Quel est le principal défi à relever ?
Le changement de mentalité. Employeurs et travailleurs doivent avancer dans la même direction. Nous devons promouvoir un véritable esprit de partenariat. Un travailleur heureux est plus productif, et une entreprise performante profite à l’ensemble de l’économie.
Vous avez passé plusieurs semaines à résoudre la crise qui avait secoué le MMM…
Je ressens une certaine tristesse à la fois pour le MMM et pour Paul Bérenger. Je pense que son expérience aurait été précieuse dans le contexte actuel. Il est regrettable qu’il n’ait pas suivi la volonté de la majorité des militants, qui souhaitaient rester au gouvernement. Je n’ai jamais compris cette logique. Gagner des élections pour ensuite renoncer à exercer le pouvoir me paraît contradictoire. C’est au gouvernement que nous pouvons réellement agir et mettre en œuvre un programme.
Après ce départ, qui porte le projet du MMM ? La responsabilité est désormais collective, portée par les instances du parti. Nous allons relancer nos activités sur le terrain, et nous constatons déjà un regain d’intérêt.

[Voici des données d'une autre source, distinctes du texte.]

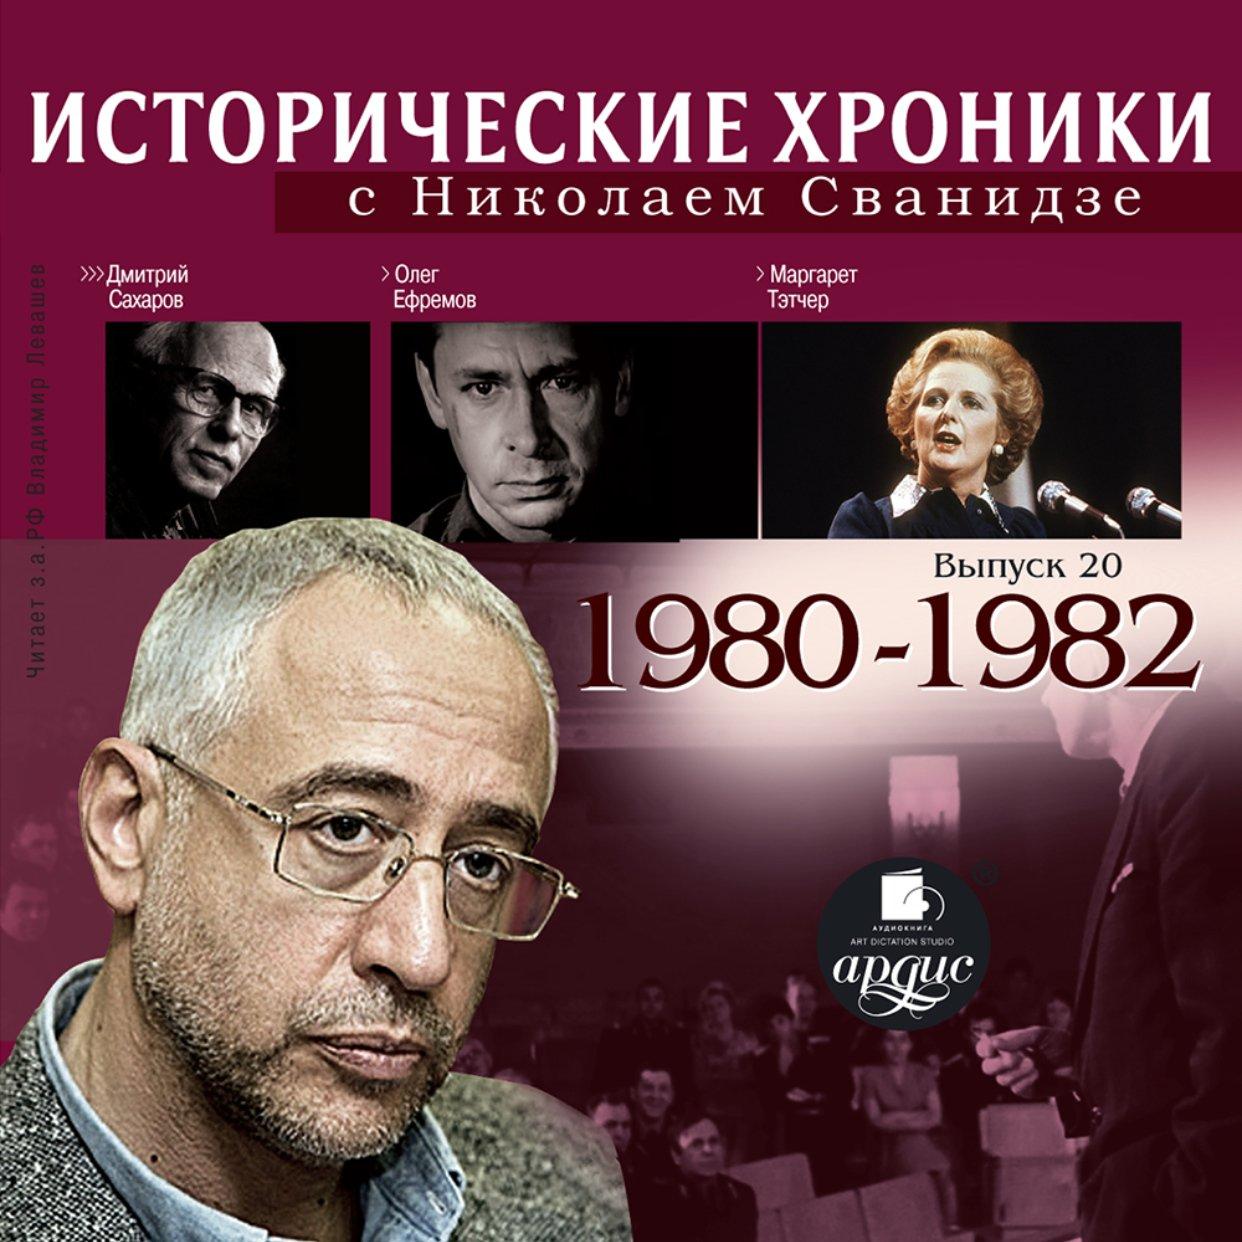 Исторические хроники с Николаем Сванидзе. Выпуск 20.  1980-1982гг.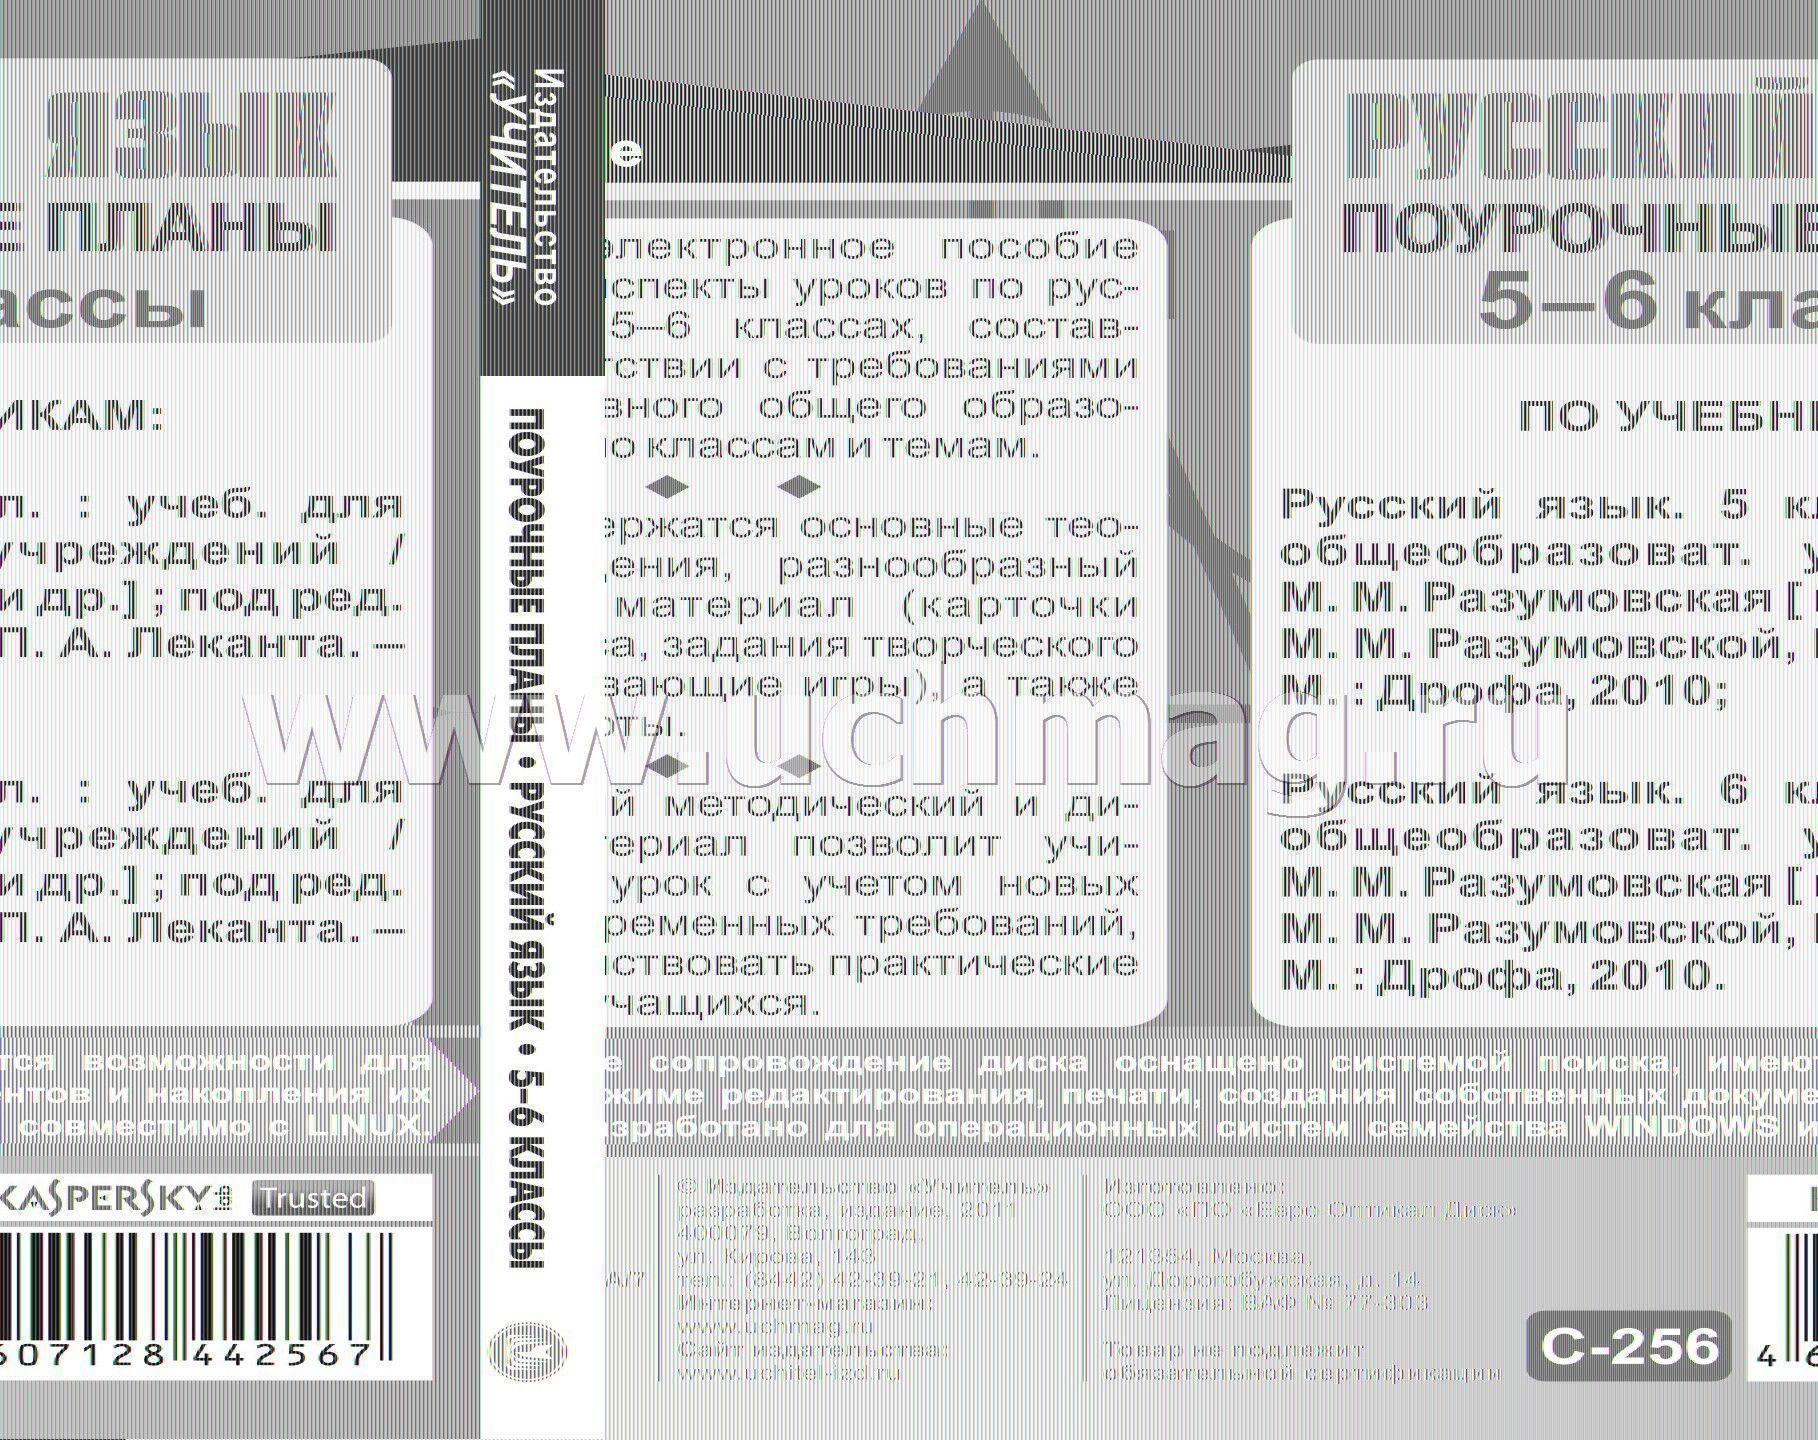 Списать русский язык 6 класс м.м разумовская и п а леканта

La révocation de certains membres du MMM, dont des conseillers municipaux, était-elle nécessaire ? Oui, pour une question de cohérence. Nous ne pouvons pas appartenir à deux formations politiques en même temps. Les règles sont claires et prévues par la loi.
Les conseillers municipaux n’ont toujours pas été informés…
Nous nous attendions que les conseillers prennent eux-mêmes les devants. Attendons de voir l’évolution de la situation !
La nomination du DPM se fait attendre… On parle de la nomination d’Arianne Navarre Marie…
Cette question relève de prérogatives du Premier ministre, même si nous avions formulé nos propositions.
Quel regard jetez-vous sur la situation économique internationale ?
Les tensions géopolitiques ont un impact direct sur les prix et sur notre économie. Le rôle du gouvernement est d’agir pour soutenir l’activité tout en protégeant les plus vulnérables et les PME.
Quel message souhaitez-vous adresser aux travailleurs ?
Je voudrais exprimer ma reconnaissance envers tous les travailleurs, mauriciens et étrangers, qui contribuent chaque jour à faire tourner l’économie. Je rends également hommage aux syndicalistes qui ont défendu les droits des travailleurs. La lutte continue, et nous devons avancer ensemble pour construire un monde du travail plus juste et plus humain.